One of my lectures makes the following statement:

$$( f(n)=O(n) \land f(n)\neq o(n) )\implies f(n)=\Theta(n)$$

Maybe I'm missing something in the definitions, but for example bubble sort is $O(n^2)$ and not $o(n^2)$ but it's also not $\theta(n^2)$ since it's best case run time $\Omega(n)$.

What am I missing here?

Asked By : Robert S. Barnes

Answered By : Shaull

What you are missing is a very important point: An algorithm is never $O()$ of anything, since it is usually not a even a real-valued function.

When we say that bubble-sort is $O(n^2)$, what we mean is that in the function $f$, that represents the worst case run-time of bubble sort, is $O(n^2)$.
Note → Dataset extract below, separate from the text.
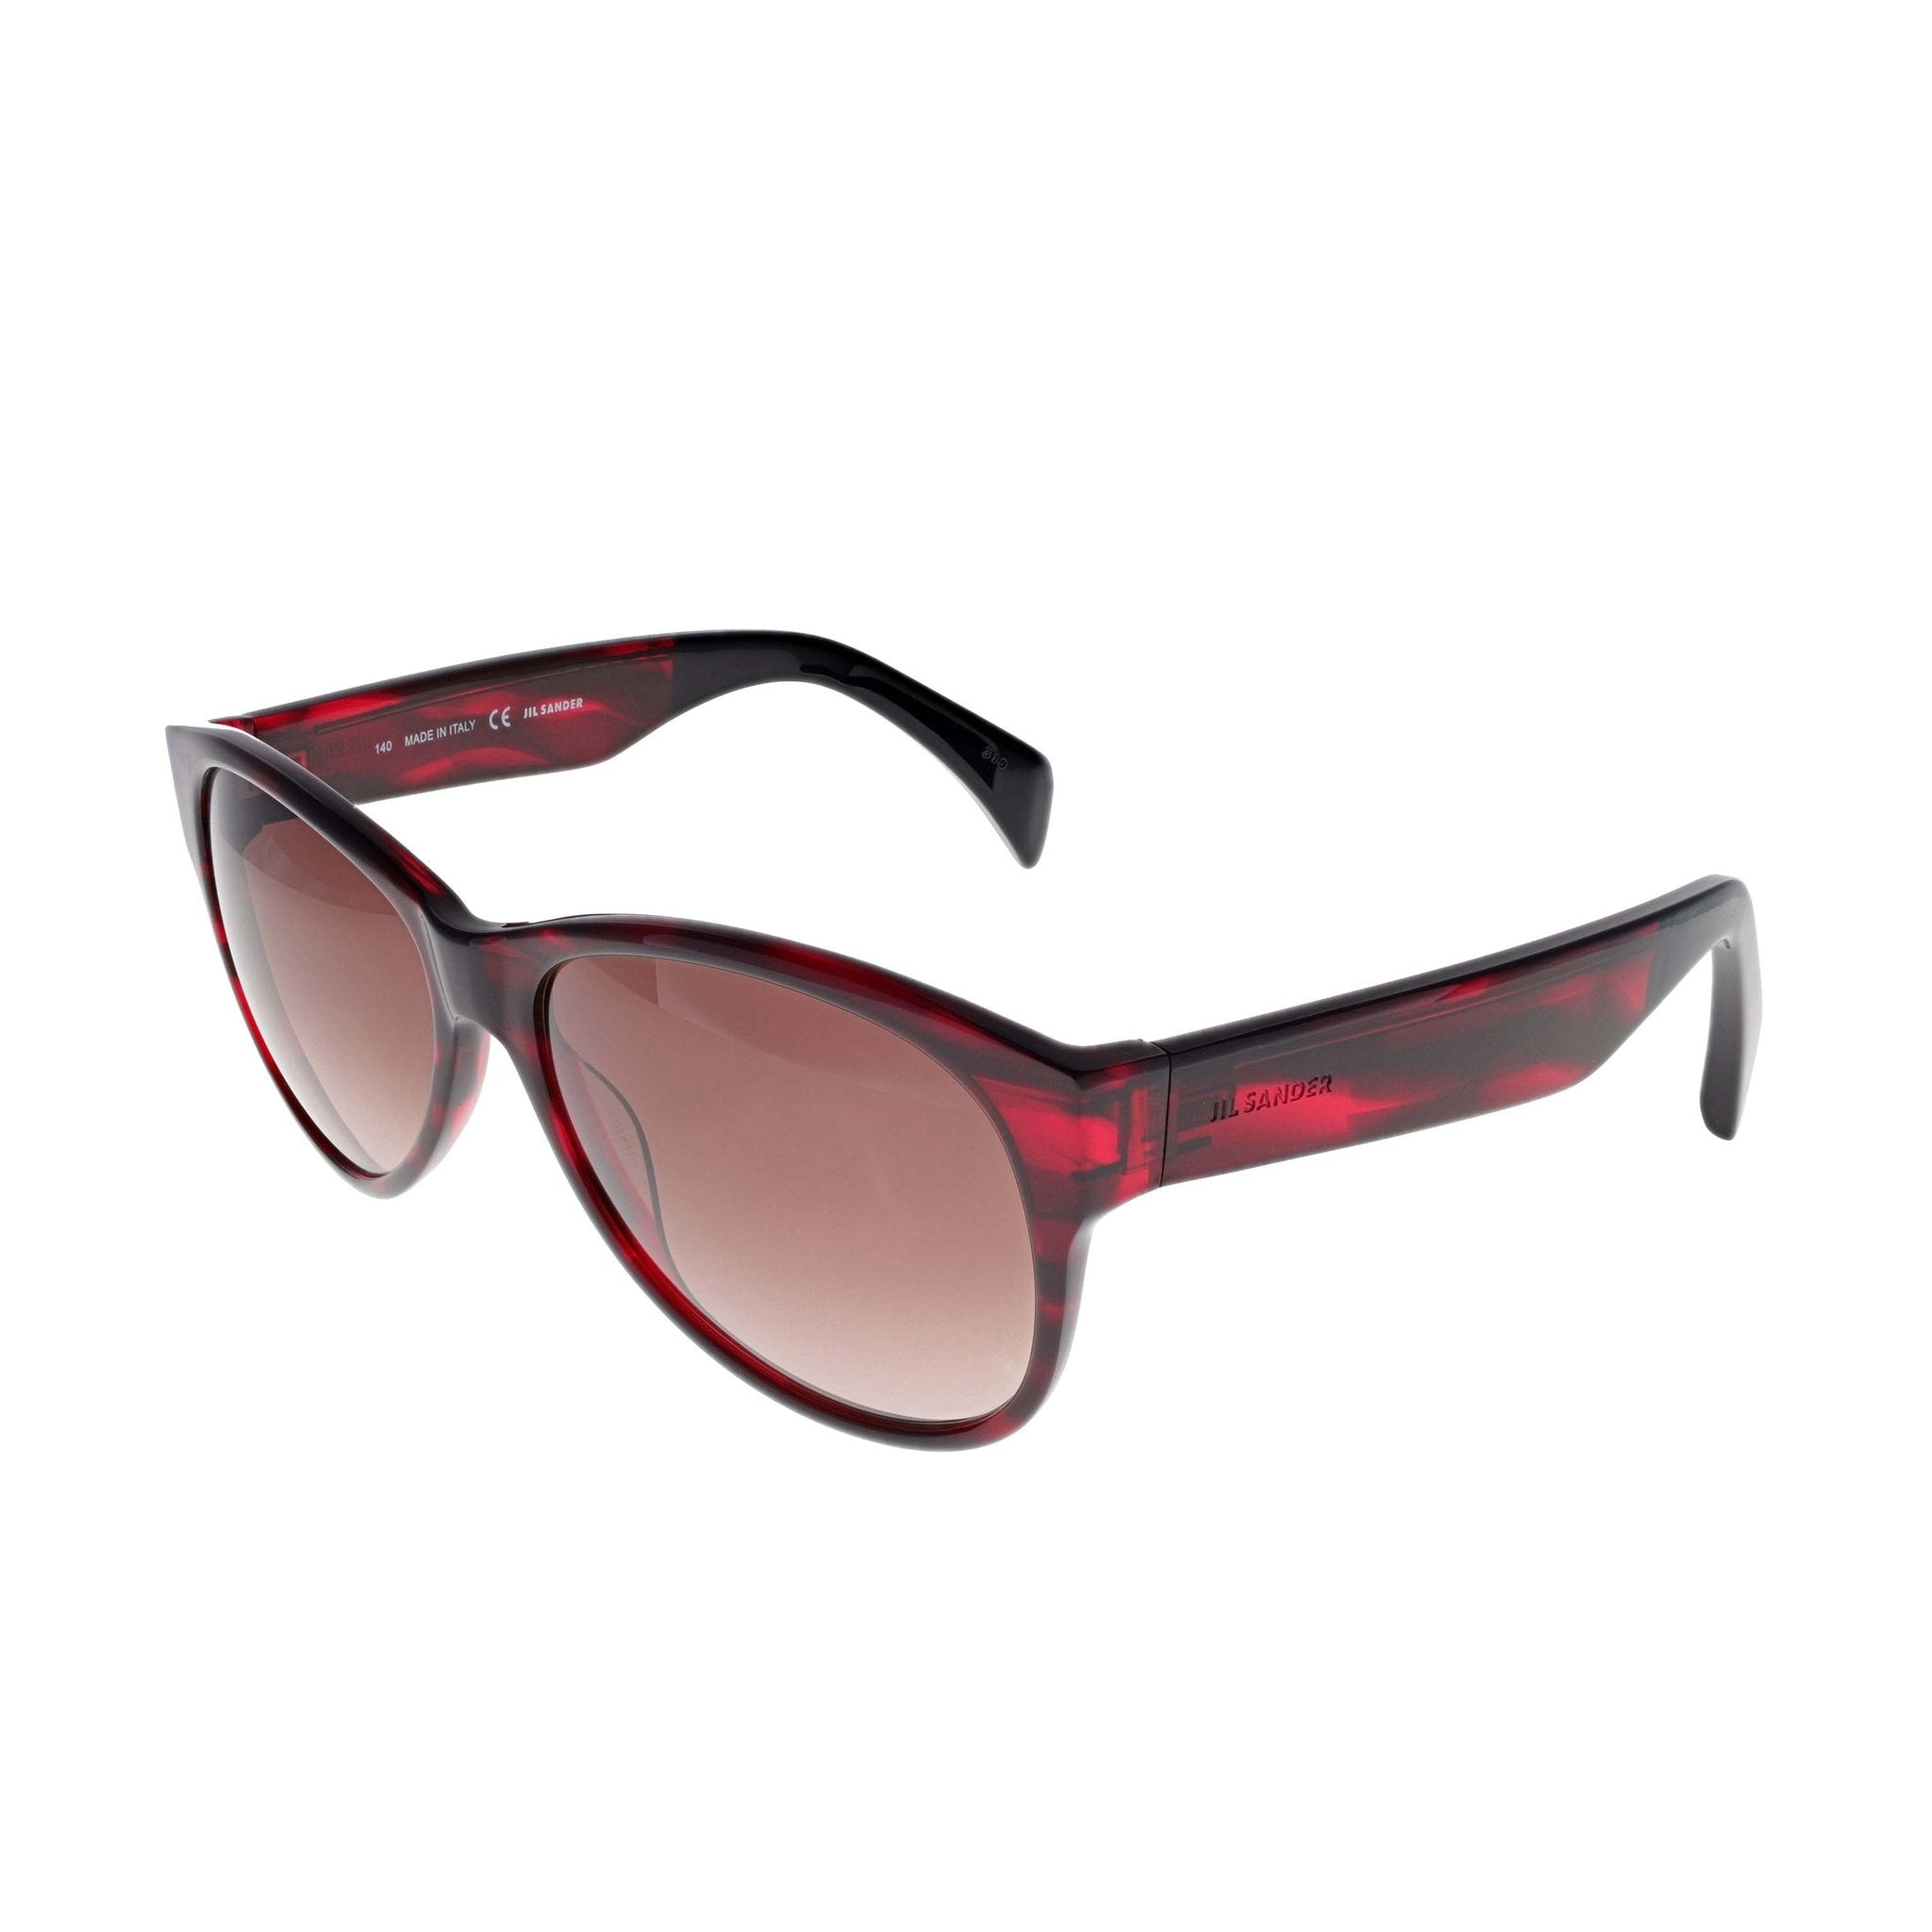 Jil Sander Sunglasses - JS725S - Striped Red

In this case, this function is indeed $\theta(n^2)$, since in the worst case, the run-time is bounded from below and from above by $c\cdot n^2$ for the relevant constants $c$.

To be more precise, the function that we refer to as the worst case runtime of an algorithm $A$ is defined by $$f_A(n)=\max_{x: |x|=n}\{\text{runtime of $A$ on input x}\}$$ And it is this function that we analyze for the worst case run time.

The best case run-time can be analyzed as well, of course. As you suggest, the best case run time of bubble sort is not $\theta(n^2)$, but rather $\theta(n)$.